Tuesday, August 17, 2010

Govett-Brewster love

Reasons why I loved the Govett-Brewster Art Gallery when I spent the day there on Sunday:

1. Yin Xiuzhen's 'China in Four Seasons' work currently on exhibition (I probably broke rules taking these photos in the first place and now I'm probably breaking more putting them on here, but oh well, surely when you're being really nice about someone they can't tell you off...)

This is one of the portable suitcase cities. Each suitcase city had a streetscape recording from each real city (I'm pretty sure this one is Melbourne) playing from underneath it. I'm a sucker for all things made miniature/small so these little fabric skyscrapers made me really happy.

I heard Melanie from the gallery talking about how this work is a reaction to China's one child policy; because each family is only allowed one child the expectations placed upon that child and the love and warmth they recieve can be overwhelming, like being smothered by a thousand scarves.

2. This khata scarf that visitors to the gallery have been invited to knit a few rows on. It is 88 stitches across, 88 being the Chinese number of double happiness, luck, and good fortune (so I was told). There is a huge list of people from all around the world who have knitted a row or two in various different (some very complicated and beautiful) stitch patterns of their choice and the scarf now measures 8.6 meters long. It's going to be auctioned for charity this Saturday.

Tash and I knitting a row each - you can knit from both ends of the scarf

3. The exhibition currently on by Fiona Jack called 'Living Halls'. It's about New Zealand war memorial halls. It's fascinating to see how many tiny rural settlements built war memorial halls, many of which are no longer used and have fallen into disrepair. Fiona Jack invited people from around New Zealand to paint their local war memorial hall and there is a room full of paintings of halls.

Postcard from Fiona Jack: Living Halls exhibition.

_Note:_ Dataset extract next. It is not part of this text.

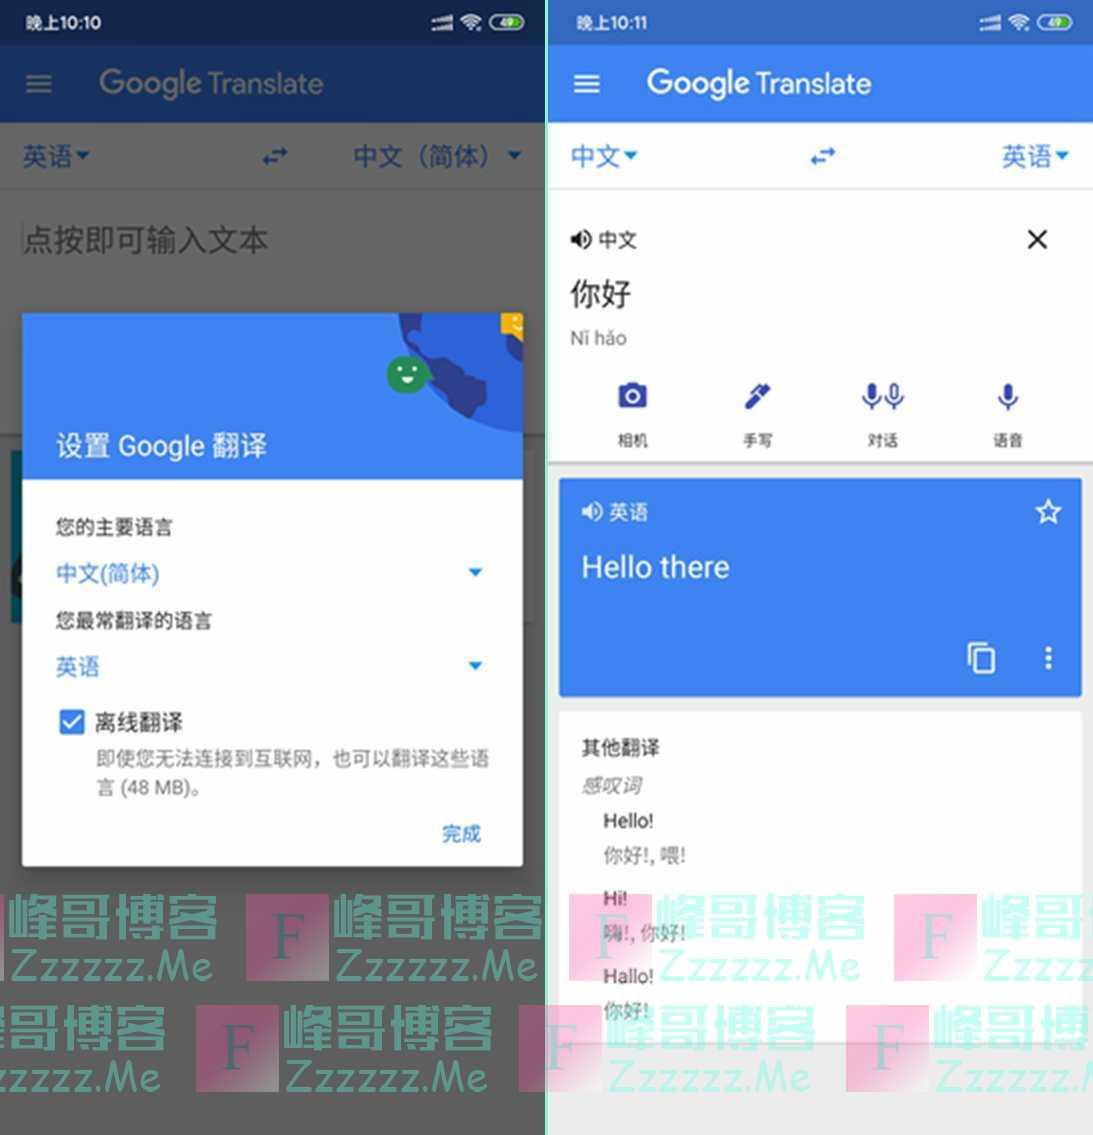 安卓Goole Translate谷歌翻译 V6.3.0 最新版下载

Photograph by Nigel Prickett

4. That the gallery's founding patron was Monica Brewster, who "envisaged a contemporary art museum of international standing that would offer a window to the world in the small coastal community of New Plymouth". Her maiden name was Govett and her married name Brewster.

5. That the gallery is "home to the Collection and Archive of pioneer filmmaker and kinetic artist Len Lye (1901–1980), one of New Zealand’s most ingenious and influential modern artists". I had heard of Len Lye but until I read about him at the gallery I had no idea how awesome he was. His idea of kinetic sculpture and movement as an art form is so beautiful: "One of my art teachers put me onto trying to find my own theory of art. After many early morning walks an idea hit me that seemed like a complete revelation. It was to compose motion, just as musicians compose sound. This idea was to lead me far, far away from...traditional art." It gives me a far greater appreciation of his Water Whirler on the waterfront here in Wellington.

All in all, the Govett-Brewster Art Gallery is an awesome place - there are many more reasons why I loved it but I won't go on and on. Basically, if you're ever in New Plymouth go to the Govett-Brewster. I would definitely love to go back.